If you don't have enough hemoglobin-carrying red blood cells, your heart has to work harder to pump more blood and move oxygen-rich blood through your body, according to the National Heart, Lung and Blood Institute. That’s why severe anemia that has been untreated can lead to heart failure, Dr. Pathak adds. Anemia is found in about one-third of all cases of congestive heart failure, studies show.
Restless Legs Syndrome
RLS is condition in which people feel an irresistible urge to move the legs. About 15 percent of people who have RLS also have iron deficiency, according to John Hopkins Medicine. The single most consistent finding and the strongest environmental risk factor associated with RLS is iron insufficiency. The symptoms usually occur at night, preventing patients from getting enough sleep.
Loss of appetite and weight loss is another general symptom of anemia, according to NHS. It usually is a result of other symptoms people are experiencing, Dr. Pathak says.
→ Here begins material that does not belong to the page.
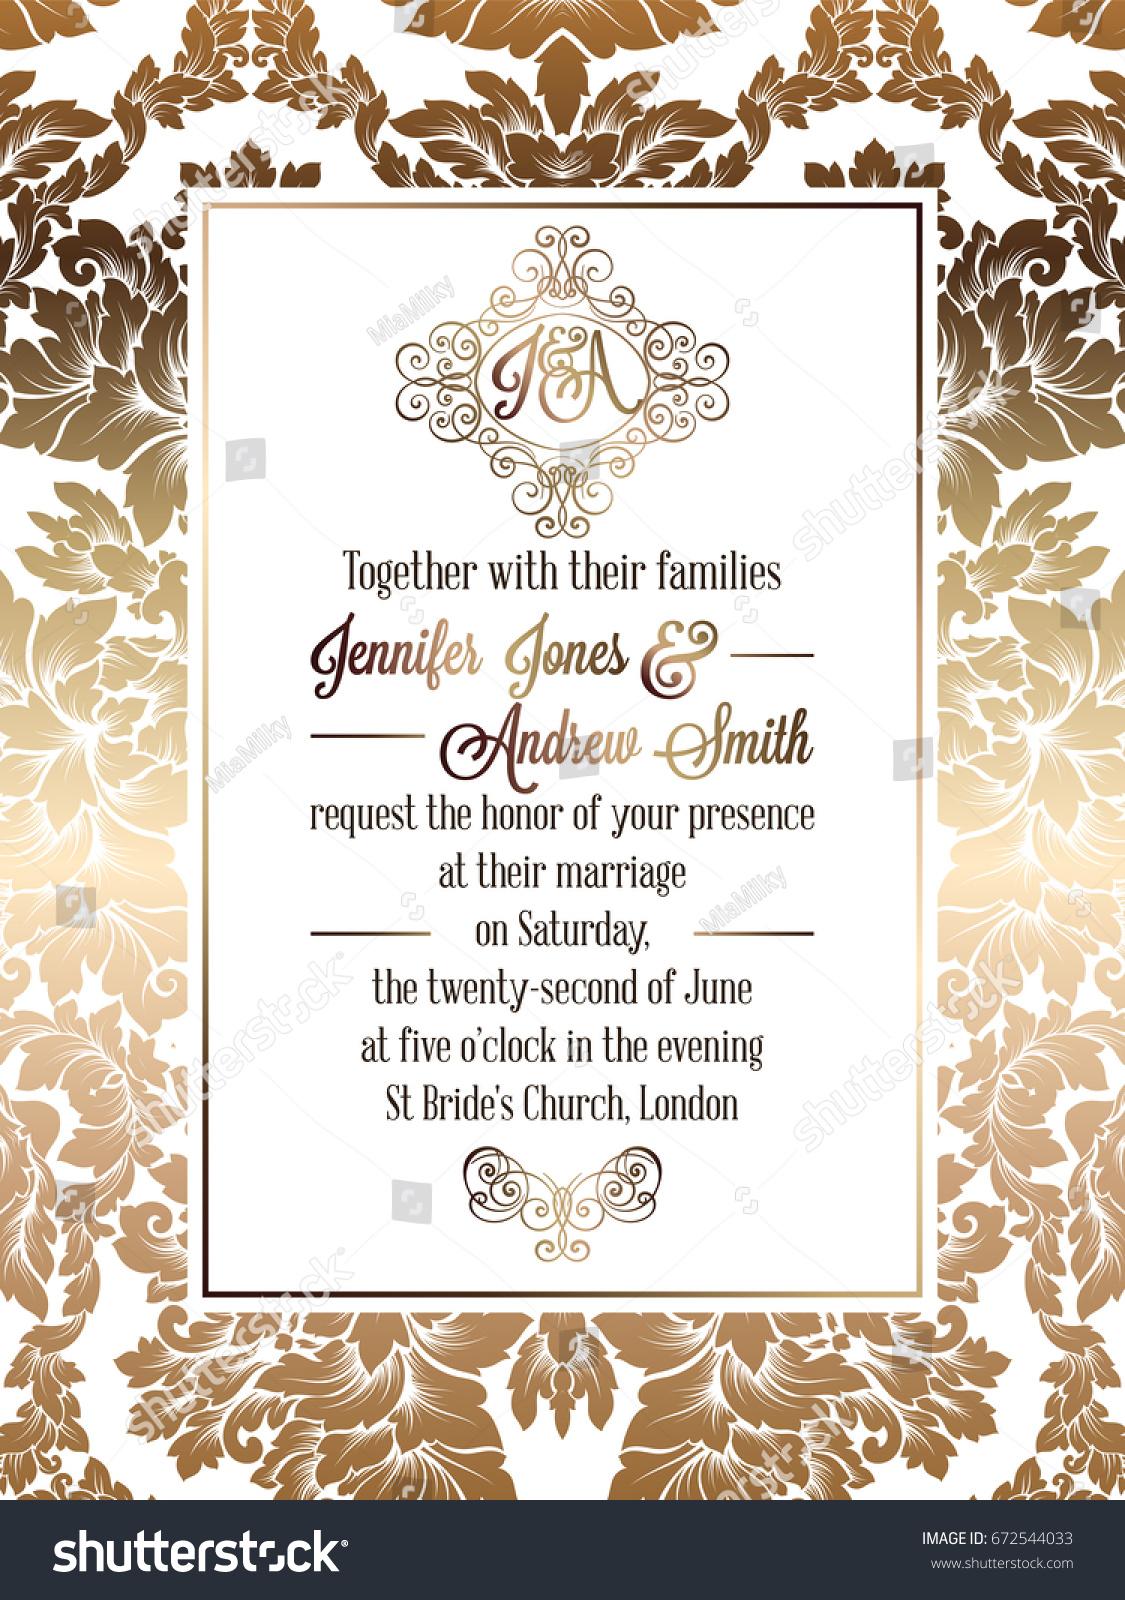 Vintage baroque style wedding invitation card stock vector 672544033 vintage baroque style wedding invitation card stock vector 672544033 shutterstock stopboris Gallery

Feeling weak and tired all the time is not something that will stimulate a healthy appetite. “This is just part of how a person wil iron deficiency generally feels,” she adds.
Pounding in the ears
“This has to do with the heart palpitations,” Dr. Pathak says. Your heart is working harder and you can often heart it, especially if you are laying down on your side. You can also hear it like a “whooshing” sound in your ears.
“We don’t know exactly how or why that happens,” Dr. Pathak says. Iron is required for the enzymes of every cell, she adds, and oxygen is required for the functioning nearly all cell types. “A mental fog can definitely happen,” she adds. Lack of oxygen, including to the brain, as a result of anemia will slow cognition. When you add heart palpitations to this symptom, you feel anxious and restless.
Craving for non-nutritive substances
This is a unique symptom of iron deficiency, Dr. Pathak says. The condition is called Pica, and it means a craving for non-nutritive items such as ice, hair, dirt, or laundry starch. It doesn’t happen very often and there is not a clear explanation as to why the disorder develops, she adds.
Higher risk of infections
“We don’t see many cases where people with iron-deficiency, but lack of iron can certainly increase you risk of infections because the cells are compromised due to the lack of oxygen,” Dr. Pathak says. The spleen is part of your lymphatic system, which fights infection, according to NIH. If the spleen is not getting enough oxygen because of iron deficiency, it can’t work as well. The lymph nodes, which produce white blood cells to fight infections, don’t get enough oxygen either, causing weaker white blood cells.
Cold hands and feet
Unexplained cold hands and feet are a common symptom if iron deficiency, according to Iron Disorders Institute. Consuming less than 18 mg for women and 8 mg for men prevents the production of myoglobin and hemoglobin. Blood cells that don’t have enough oxygen get stuck in blood vessels, slowing down circulation, which leads to cold hands and feet.